Btw, why is Gohan still green? Really, OBD.


----------



## The Immortal WatchDog (Nov 22, 2009)

Lucaniel said:


> lol e-beef
> 
> Btw, why is Gohan still green? Really, OBD.



i've been asking myself that same question he should be red..much like raigen


----------



## Jir667 (Nov 22, 2009)

The Immortal WatchDog said:


> didn't hercules recently bench press Eternity..or something because he wanted to have sex..with the skyfather lady that lives in the earth? so he had to lift him off planet or something outragous like that?
> 
> why is this even being debated...jesus christ..
> 
> ...





all i wanna know is are you saying frieza didnt take a planet busting attack?


----------



## Havoc (Nov 22, 2009)

veget0010 said:


> no, he cant, prove me that, only because he can hold his breath for a very long time doesnt mean he can survive indefinitley in space
> and i think this match is a tie, herc may pass away due to exhaustion, but hulk will just keep fighting indefinitley with buu, although he may just get so angry that he could punch so hard that it would destroy buu in just one punch



Prove yourself wrong by actually reading some Hulk comics.

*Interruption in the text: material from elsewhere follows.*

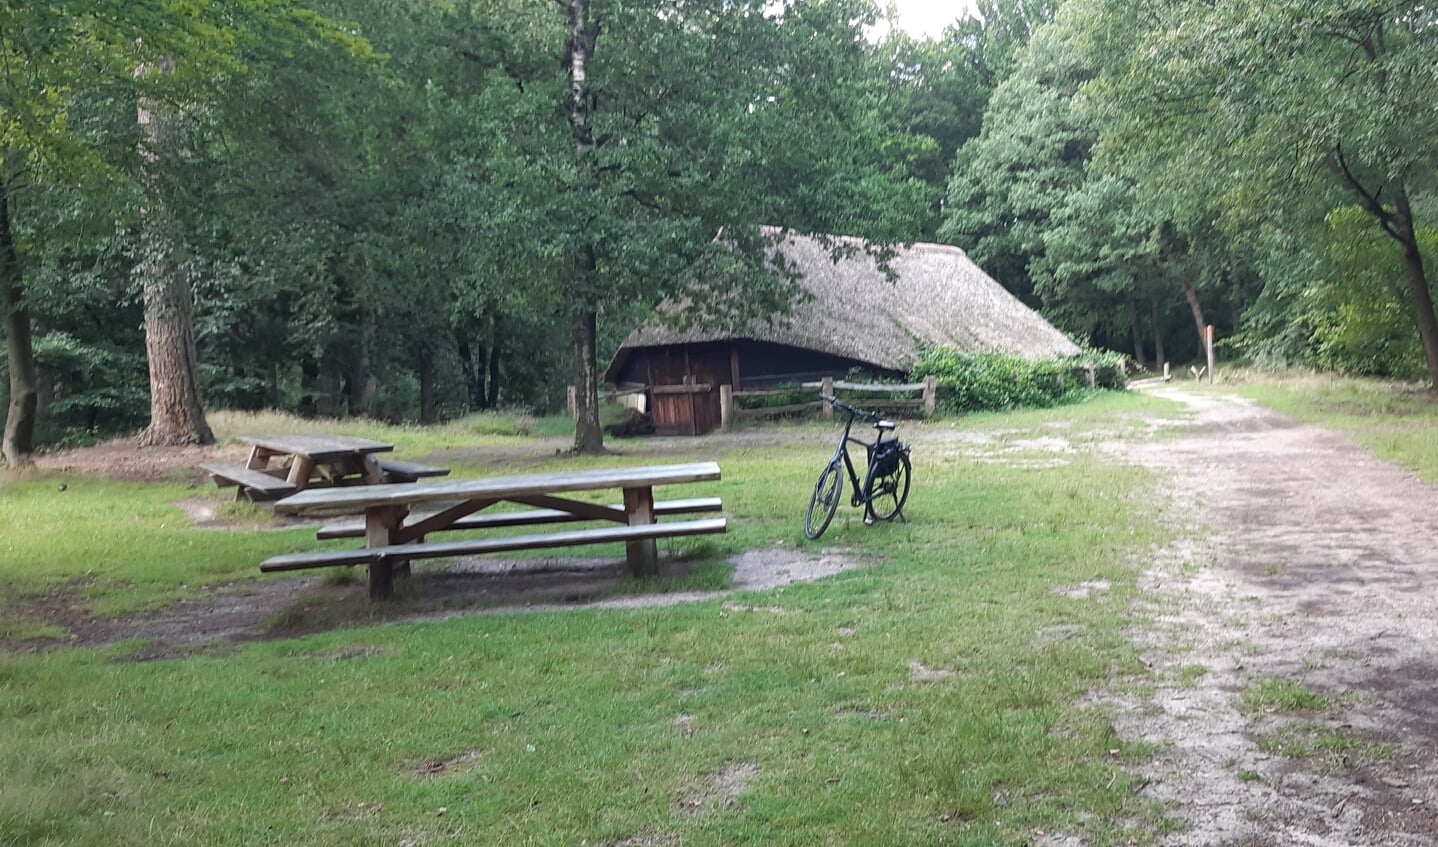 Deze foto is dichtbij gemaakt, de schaapskooi van Boeschoten, ergens in het grensgebied tussen Garderen, Putten en Voorthuizen.
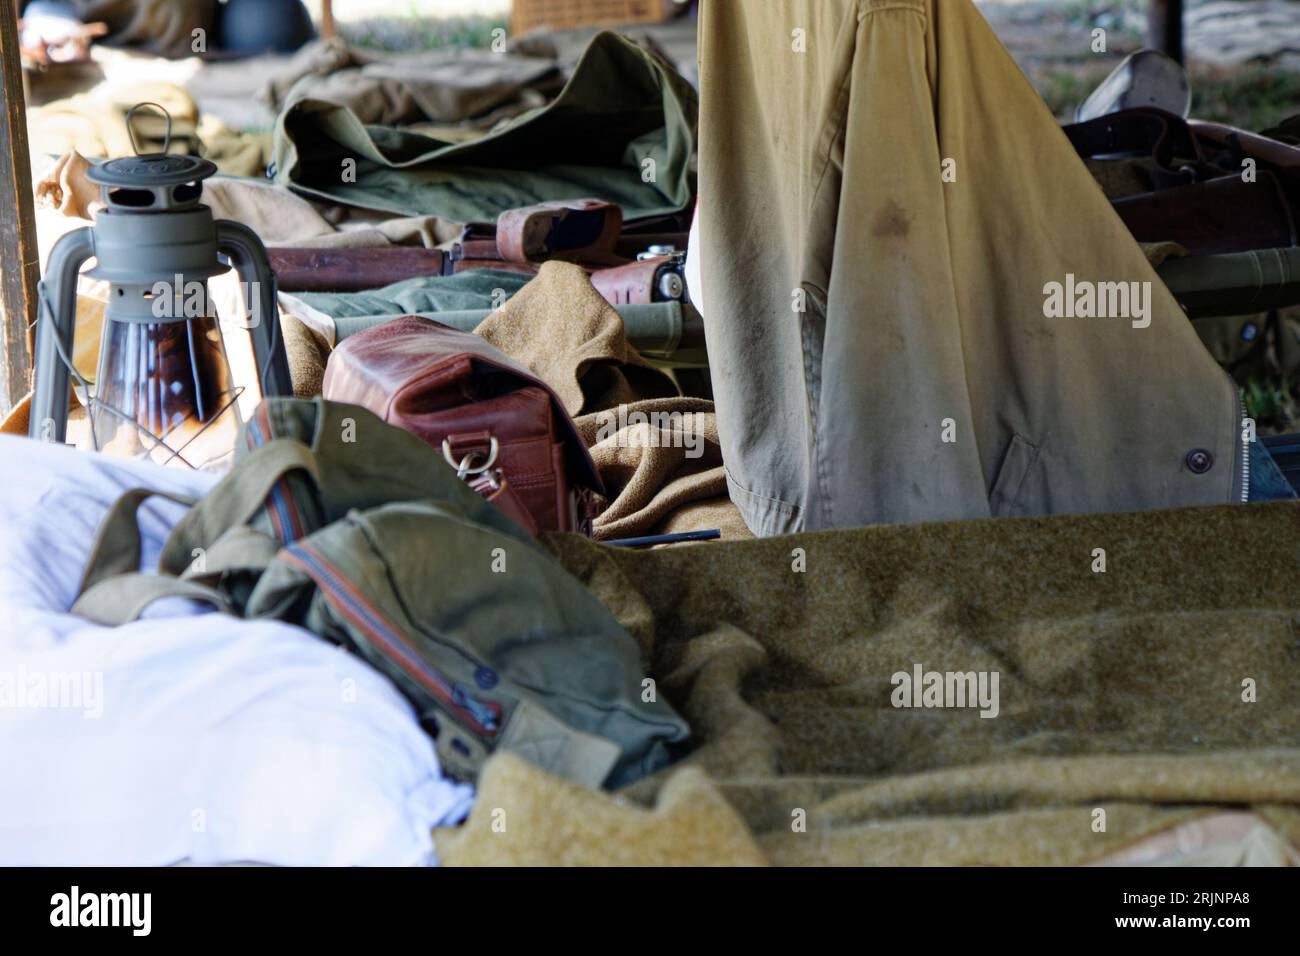 Une tente militaire camouflée installée à l'extérieur, avec des vêtements vert armée Banque D'Images

It says in Planet Hulk that he adapted to survive in space.

Then there is him riding on top of a spaceship while it travels back to Earth.

Herc is immortal.


----------



## The Immortal WatchDog (Nov 22, 2009)

Jir667 said:


> all i wanna know is are you saying frieza didnt take a planet busting attack?



a planet blew up in his face..if thats what your asking and he didn't exactly take that very well at all..

as far as any actual energy attacks that where planet busting

no...far less killed him...when trunks shot the shit out of him..


----------



## Jir667 (Nov 22, 2009)

The Immortal WatchDog said:


> a planet blew up in his face..if thats what your asking and he didn't exactly take that very well at all..
> 
> as far as any actual energy attacks that where planet busting
> 
> no...far less killed him...when trunks shot the shit out of him..



well

see i thought it was goku who hurt him the most.

cause frieza base form has a power lvl of 530,000 and is casual planet buster

and goku ssj's power lvl is 150,000,000

so wouldnt an attack from the 150 million person be stronger than an attack from the 530 thousand?


----------



## Norrin04 (Nov 22, 2009)

Gohan said:


> Your an idiot.
> 
> He transformed Vegetto into candy who was several magnitudes stronger than him. What makes you think someone without a force field can stop the transformation. Stop making stuff up?
> 
> ...



Frieza never took a planet destroying blast,he got hit with some of the energy of a planet exploding big big difference from a blast that would vaporize a planet or planet busting power packed into one punch.Also no the DBZ characters have shown their resistance to energy attacks is far greater than their resistance to physical attacks.Also he said planetary level strength feats no one in DBZ has anything even remotely close to that.So once again you've shown you really don't know what your talking about,even about a show your really bias about


----------



## Lucifeller (Nov 22, 2009)

Jir667 said:


> well
> 
> see i thought it was goku who hurt him the most.
> 
> ...



If by 'casual planet buster' you mean 'Oh, hey, I'm going to shoot a blast at this planet and then it's going to take ABSO-FUCKING-LUTELY FOREVER for it to blow up', then yeah, I suppose he is.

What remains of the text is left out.